● Work instructions: Write out exactly, and only, the lines below from the line with "NASAが2018年8月10日に太陽が放出した磁場をCGで描く" through the line with "Métodos de pagamento"; pictures do not belong in the copy.

____ Listed records

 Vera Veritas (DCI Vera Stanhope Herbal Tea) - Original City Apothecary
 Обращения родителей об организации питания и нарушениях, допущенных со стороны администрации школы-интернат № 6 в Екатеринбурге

________
____ Listed records

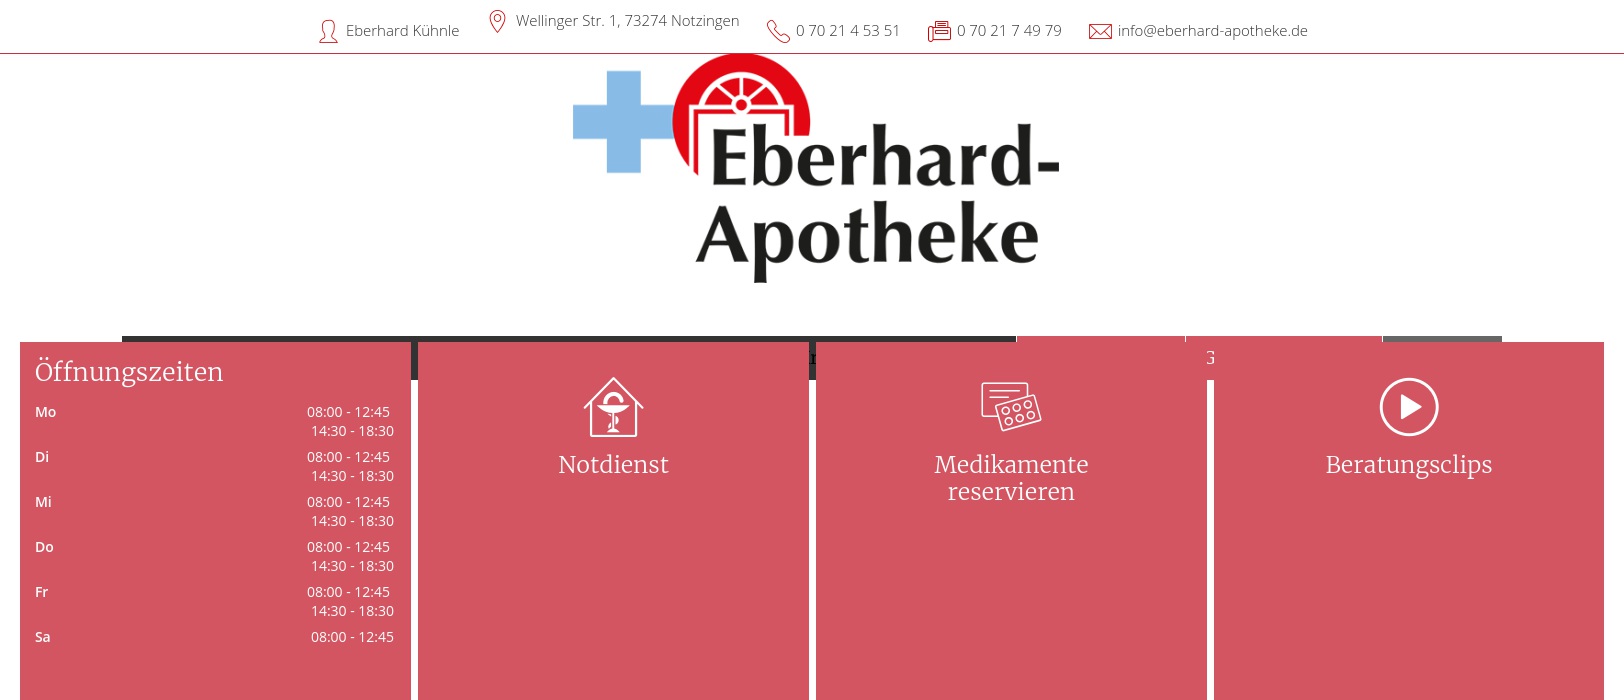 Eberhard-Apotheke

________
____ Listed records

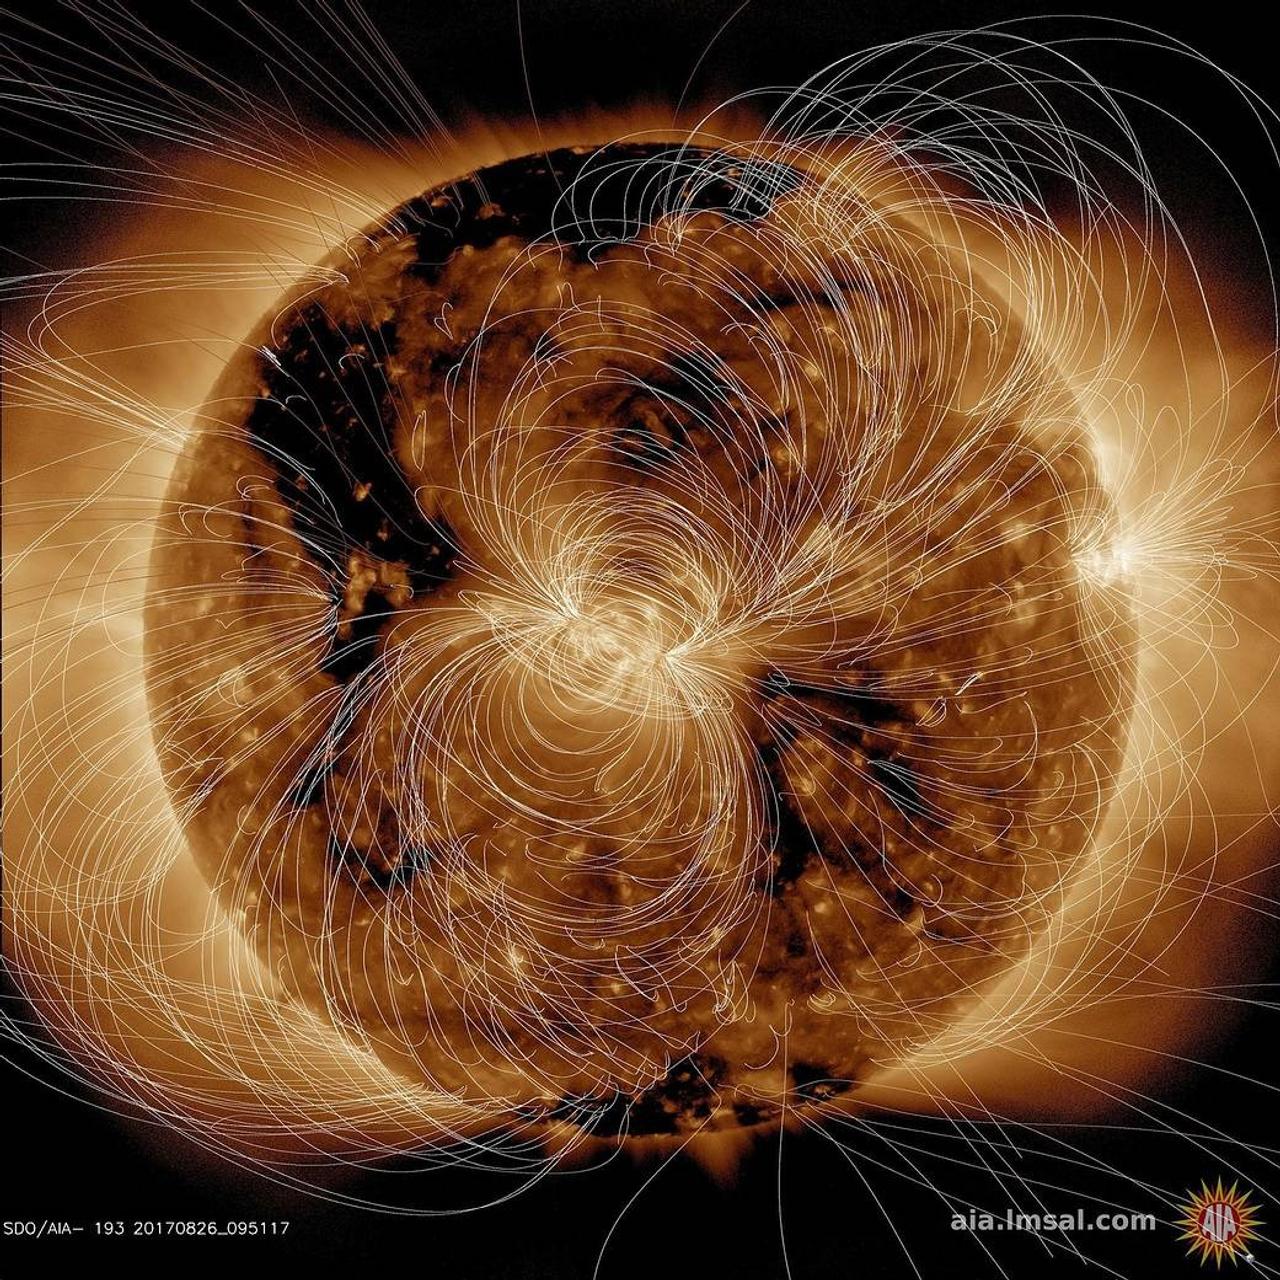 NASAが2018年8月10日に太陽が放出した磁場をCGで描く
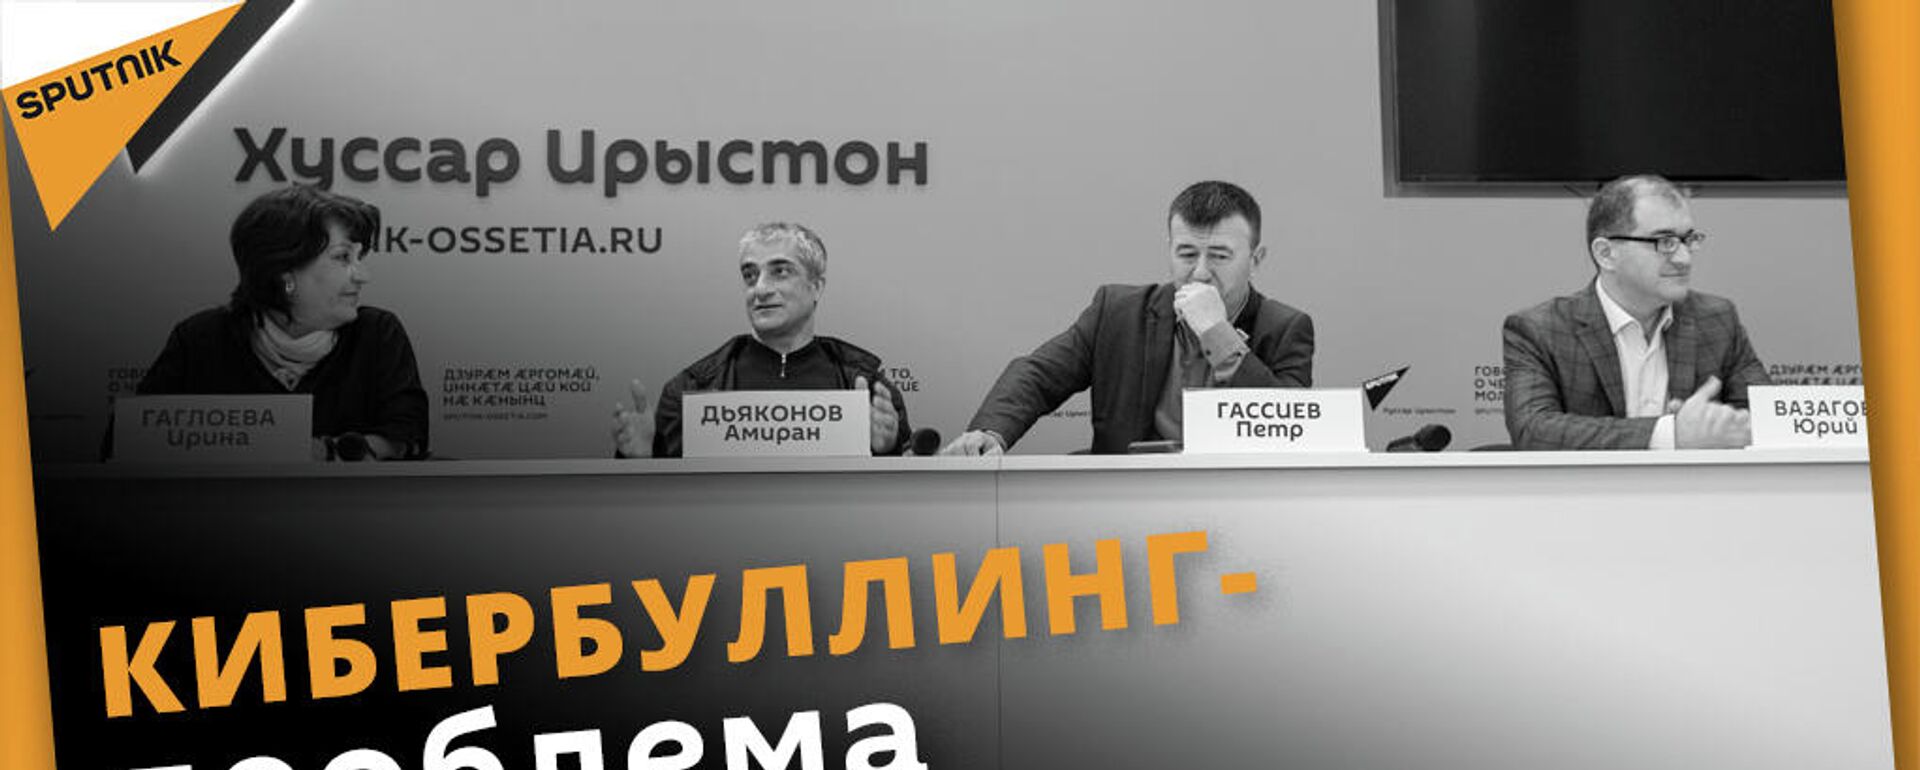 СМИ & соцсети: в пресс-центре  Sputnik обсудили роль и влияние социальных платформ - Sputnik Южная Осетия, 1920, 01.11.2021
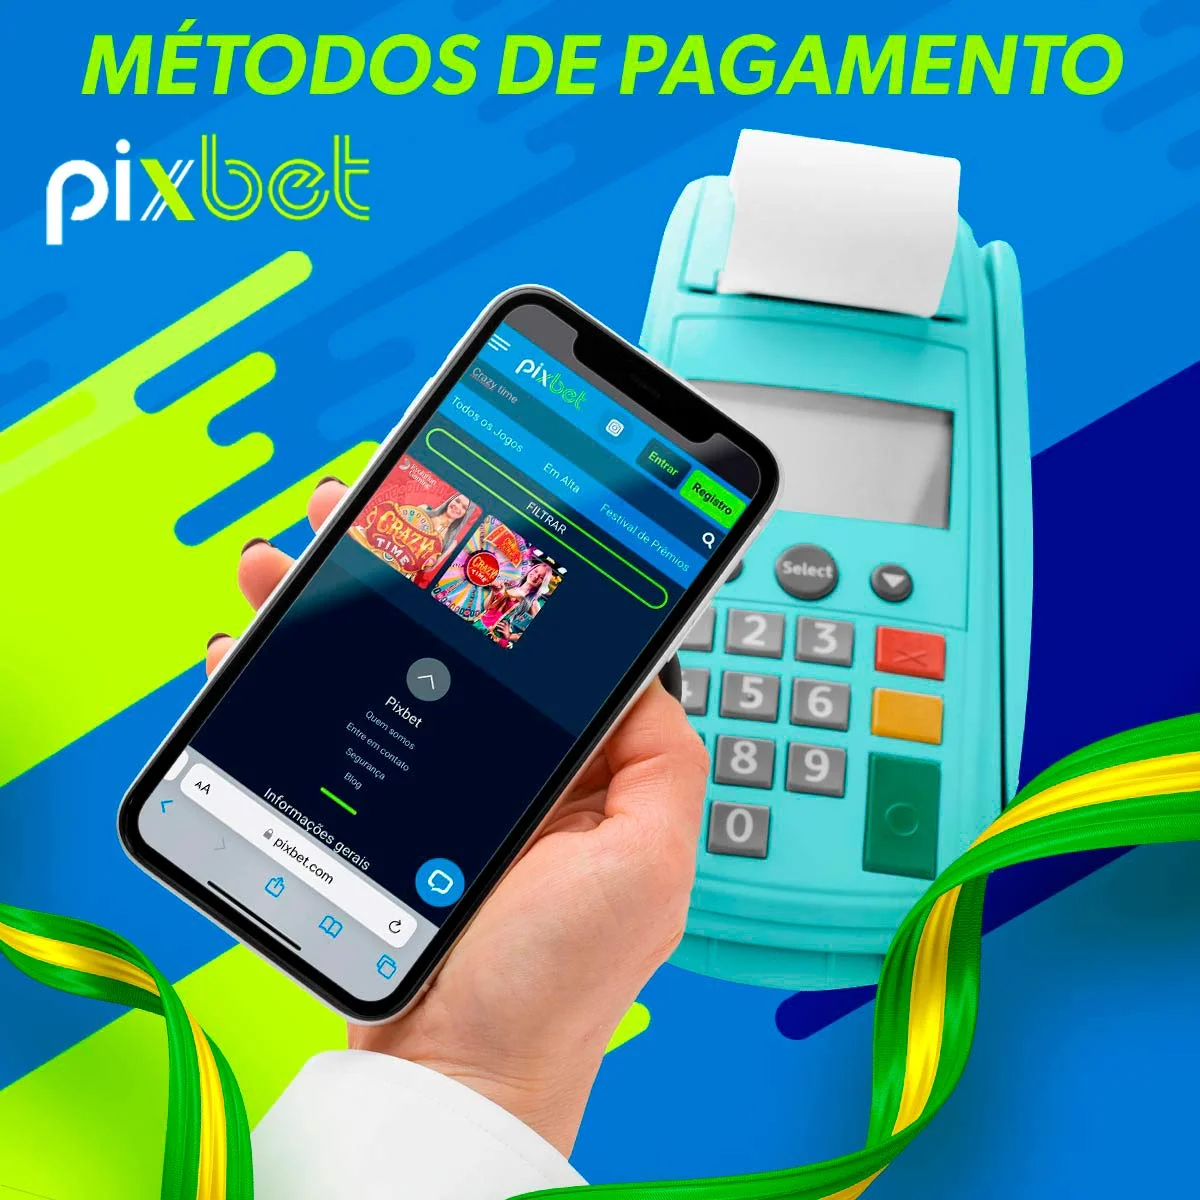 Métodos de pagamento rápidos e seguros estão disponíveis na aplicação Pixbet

________

● Response to this exercise:
 NASAが2018年8月10日に太陽が放出した磁場をCGで描く
 СМИ & соцсети: в пресс-центре  Sputnik обсудили роль и влияние социальных платформ - Sputnik Южная Осетия, 1920, 01.11.2021
 Métodos de pagamento rápidos e seguros estão disponíveis na aplicação Pixbet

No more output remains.